Even though the silent film that hurries through to its sky-high conclusion in the elevator cab is undoubtedly impressive, after finishing Calhoun's book you can't help but feel you have just
been immersed in a more fulfilling experience of the changing face of New York, it is like viewing the most elaborately plotted mixed genre blockbuster you have ever seen.
Starting with the cultural conflict between local Indian tribes and the European invaders, Calhoun's 'film' takes us through the colonial struggles for survival and the pursuit of the
American Dream, confronts us with tragic scenes of maritime disasters, the myriad rags-to-riches successes and subsequent falls from grace of characters drawn here from all over the globe,
we are made privy to mob killings, violent street riots and sinister murders. We learn how St. Marks was a hotbed for political revolutionaries and religious visionaries, we go on forays
into the world of drug culture, relive the the genesis of punk rock, and witness its 'big bang' impact rippling out across the world. Stories of the Velvet Underground, The
New York Dolls, The Ramones, G.G. Allin, Klaus Nomi, The Dictators, Blondie all contain their St. Marks moments. If this is not enough to over-stimulate
our senses we are touched by the sadness of the AIDS epidemic, have our spirits lifted by the flamboyance of the local drag queens, and marvel at the recurring cycles of artistic innovation
brought about by a constant turnover of painters, poets, authors and multimedia pioneers who all spent time in the fertile St Marks Place environment. Calhoun grew up in an apartment right
in the middle of this vibrant, chaotic neighbourhood and writes with an impressive balance between her unbridled affection for her childhood haunts and the people who inhabited her world,
with the clear, impartial observational skill of the gifted historian and social commentator.
For me, reading this book in the relative quiet of a conservative middle-class suburb, it made me nostalgic for my own youth when despite the world around me being full its own exciting
possibilities, was a time when I always seemed to be seeking out the music of New York's Lower East Side and anything to do with the world of Andy Warhol and his acolytes, or the poetry
of Allen Ginsberg, the literature of Burroughs, or any snippets of media reportage that tantalized my friends and I as it fed our romanticized ideal of how we wanted to live
our own lives - free to explore boundaries and express ourselves without restriction. It took me half a lifetime, but I finally managed to make my first pilgrimage to the U.S., and to New
York in August this year, but only spent a few excessively hot summer days walking and re-walking the streets of the Lower East Side. And, whilst it was not the St.
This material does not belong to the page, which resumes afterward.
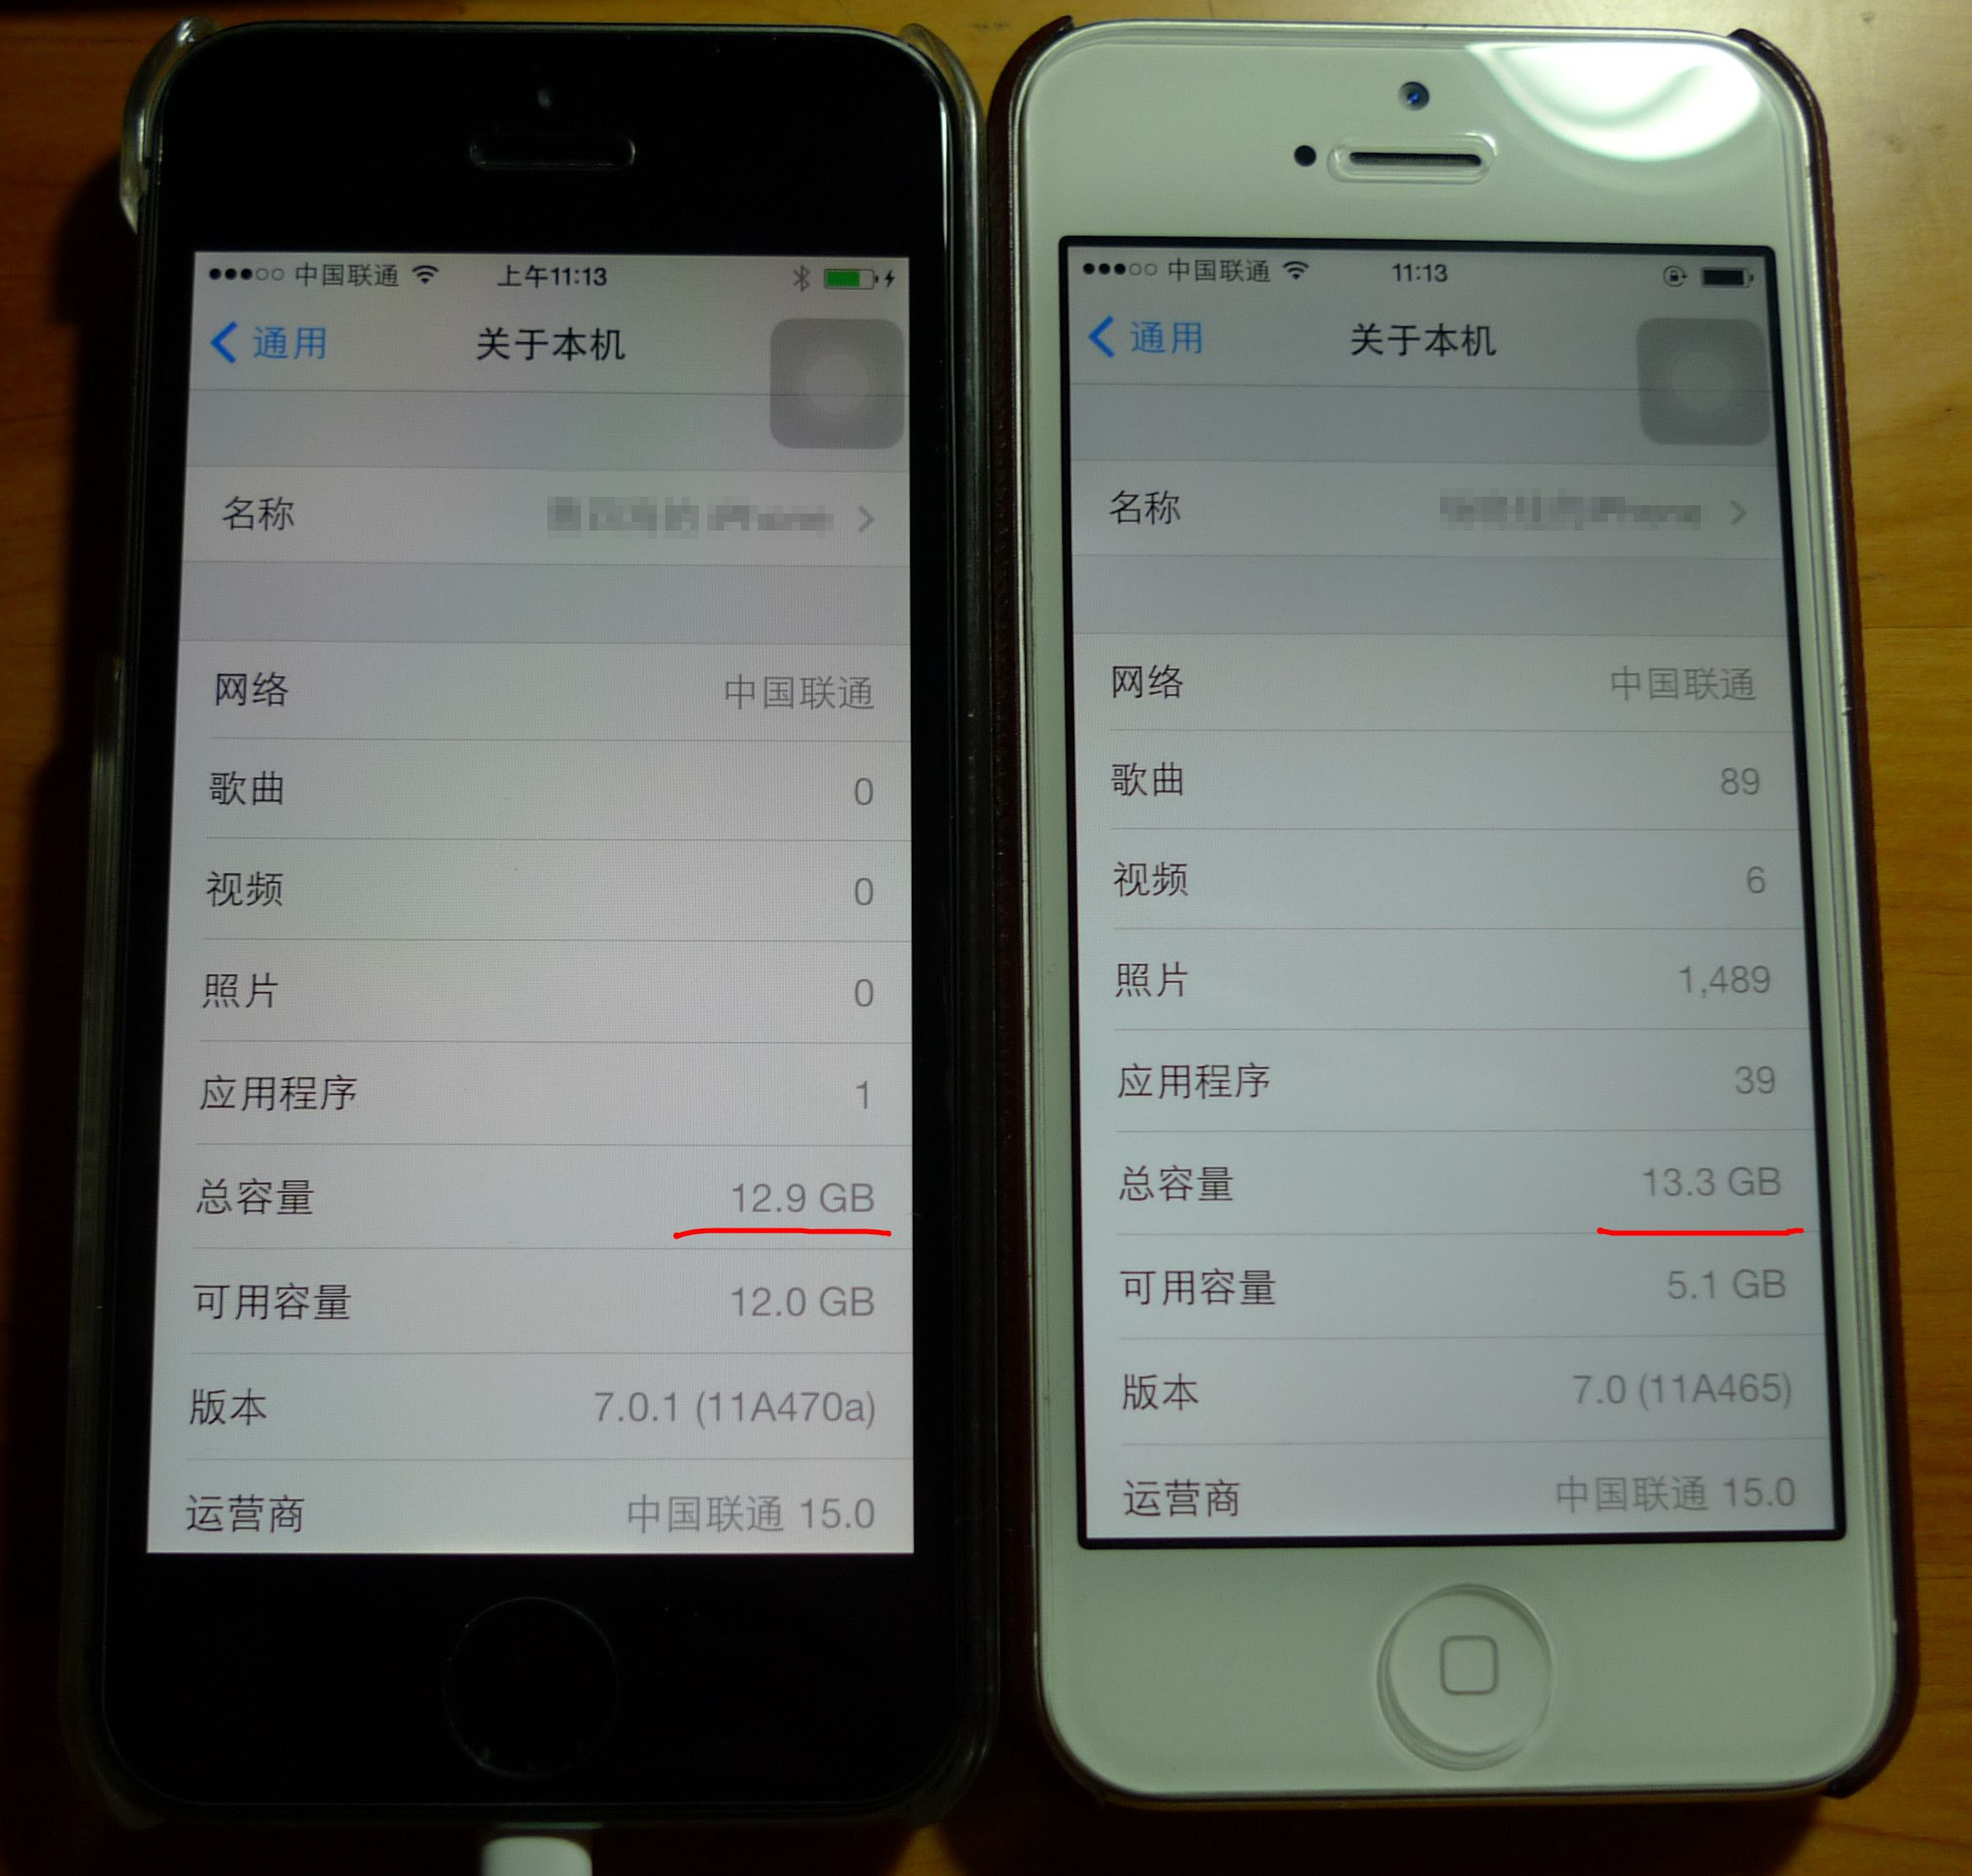 苹果手机16g实际内存是多少g

Marks Place of those myths
and legends that I had marvelled at in my youth, many of which are detailed vividly in this book, the sense of place and of history still affected me emotionally. Being there had a physical
impact upon me too - I found, on a number of occasions, that I literally had to stop and force myself to breathe simply at the sight of a street sign, or at the people from the Bowery Mission
handing out food in Tompkins Square Park, or at Kitty Carlisle's handprint outside the St. Marks Cinema, such was the power of the street's place in my own cultural DNA.
And whilst the streets were obviously not those that I had convinced myself that I knew so well, I still found my soul singing all the same. Reading Ada Calhoun's 'memoir of place' brought
every soul that ever touched St. Marks Place with its presence to join me in that song. If you read it, its music will touch you too.